The data set RecentFord.csv is in Data directory under Files in Canvas. Note: The normal plot and t-plots correspond to QQ plots relative to those distributions.
(a) \(\mathbf{Solution.}\qquad\) Below we compute the relevant statistics from the data,
# Read Data
data = read.csv("RecentFord.csv")
# Compute Returns
log_ret = diff(log(data$Adj.Close))
ret = exp(log_ret) - 1
# Add new columns to dataframe for plotting
data["Ret"] = c(NA, ret)
data["Log_Ret"] = c(NA, log_ret)
df = data.frame("Mean" = mean(ret), "Median" = median(ret),
"Std. Dev" = sd(ret))
kable(df, digits = 3, format.args = list(big.mark = ","),
caption = "Summary Statistics for Ford Returns",
col.names = c("Mean", "Median", "Std. Dev"), escape = FALSE) %>%
kable_styling(latex_options = c("striped", "hold_position"))
Mean | Median | Std. Dev |
---|---|---|
0.002 | 0.001 | 0.026 |
(b) \(\mathbf{Solution.}\qquad\) Below is the R code to construct a normal plot of the Ford returns.
ggplot(data = subset(data, !is.na(data$Ret)), aes(sample = Ret)) +
stat_qq(colour = "darkred", shape = 1) +
stat_qq_line(colour = "steelblue") +
ggtitle("Normal Plot of Returns") +
theme(plot.title = element_text(hjust = 0.5)) +
xlab('Theoretical Quantiles') +
ylab('Sample Quantiles')
The Ford returns do not look normally distributed, because the left end and right end of the QQ plot deviate away from the theoretical quantiles. In other words, returns are much more heavy tailed in comparison to the normal distribution.

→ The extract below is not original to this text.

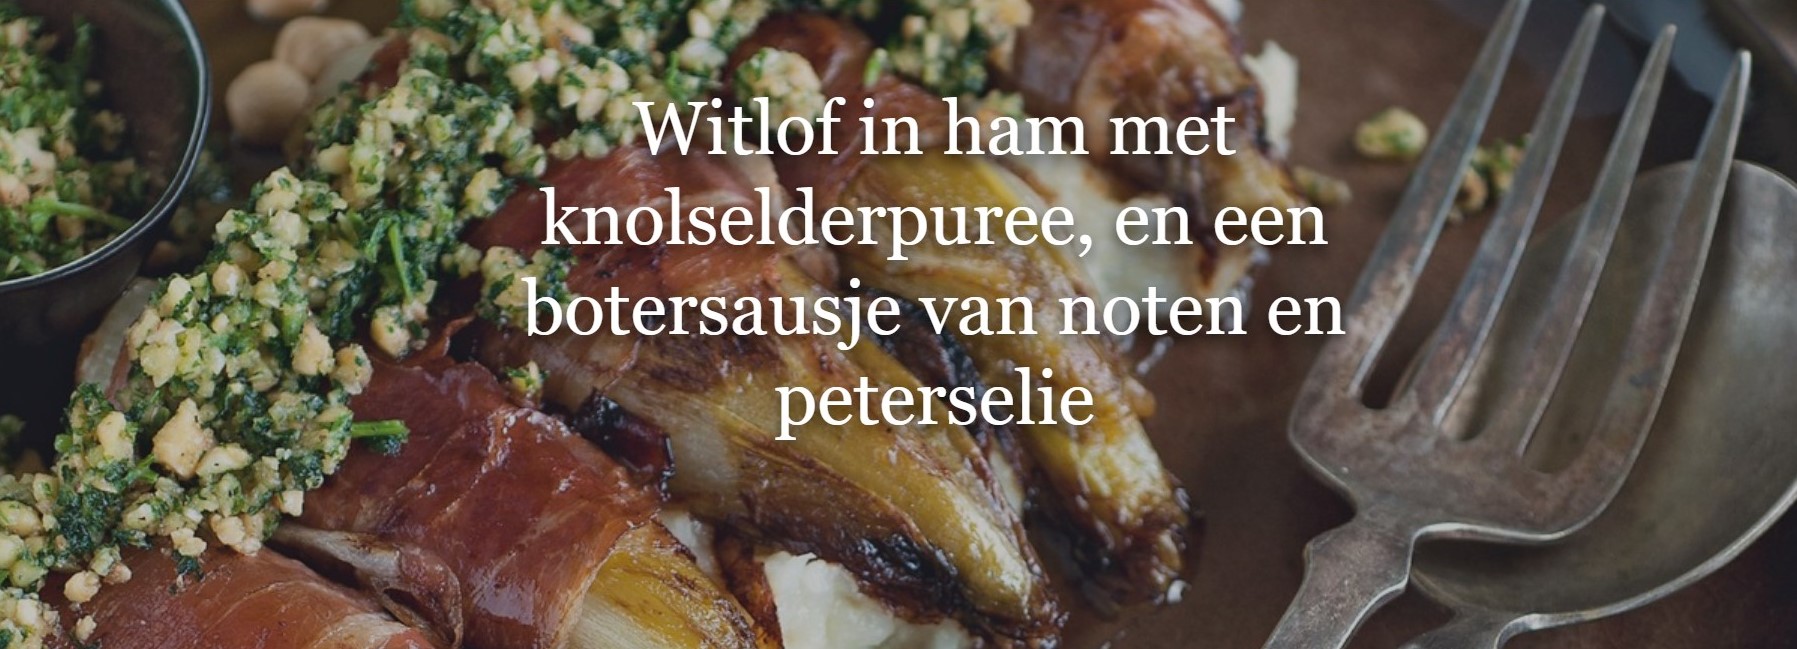 Witlof In Ham Met Knolselderpuree En Een Botersausje Van Noten En

(c) \(\mathbf{Solution.}\qquad\) According to Shapiro-Wilk test, its \(p\)-value is 1.504037210^{-23}, so we can certainly reject the null-hypothesis at the 1% level that the distribution is normally distributed.
(d) \(\mathbf{Solution.}\qquad\) To create \(t\)-plots we will use the following function qqt
. Note that we construct the reference line by interpolating between the 25th and 75th quantiles. We could have also done linear regression on the points between these two quantiles.
# Function for generating t-plot
qqt = function(x, nu){
xsort = sort(x)
n = length(xsort)
q = (1 / (n + 1)) * c(1:n)
qq = qt(q, nu)
# Construct dataframe to plot in ggplot
df = data.frame("quantiles" = qq, "data" = xsort)
# Compute theoretical quantiles
xx = quantile(qq, c(0.25, 0.75))
yy = quantile(xsort, c(0.25, 0.75))
slope = (yy[2] - yy[1]) / (xx[2] - xx[1])
inter = yy[1] - slope*xx[1]
g = ggplot(df, aes(x = quantiles, y = data)) +
geom_point(colour = "darkred", shape = 1) +
ggtitle(TeX(paste0("t-Plot $\\nu$= ", as.character(nu)))) +
theme(text=element_text(size=7),
plot.title = element_text(hjust = 0.5)) +
geom_abline(intercept = inter, slope = slope, colour = "steelblue") +
xlab('Theoretical Quantiles') +
ylab('Sample Quantiles')
return(g)
}
We show several subplots with degrees of freedom ranging from \(\{2,\ldots ,10\}\). The R-code for constructing the \(t\)-plots is shown below.
# Construct t-distribution qq plots
plot_list = list()
nu_vals = c(2:10)
iter = 1
for (nu in nu_vals) {
plot_list[[iter]] = local({
nu = nu
p1 = qqt(ret, nu)
})
iter = iter + 1
}
# plot all subplots
n <- length(plot_list)
nCol <- ceiling(sqrt(n))
grid.arrange(grobs = plot_list, ncol = nCol,
top = textGrob(TeX("t-Plots for $t(\\nu)$ of Ford Returns"),
gp = gpar(fontsize = 13, font = 8)))
By inspection, it seems that the \(t\)-plot with \(3\) degrees of freedom produces the straightest line. When sorting the data, we see that the lowest return occurred on May 12, 2009.
## Date Ret
## 90 5/12/2009 -0.1748252
Below we test this observation using \(-1.5\times IQR\) as a proxy to determine whether it is an outlier.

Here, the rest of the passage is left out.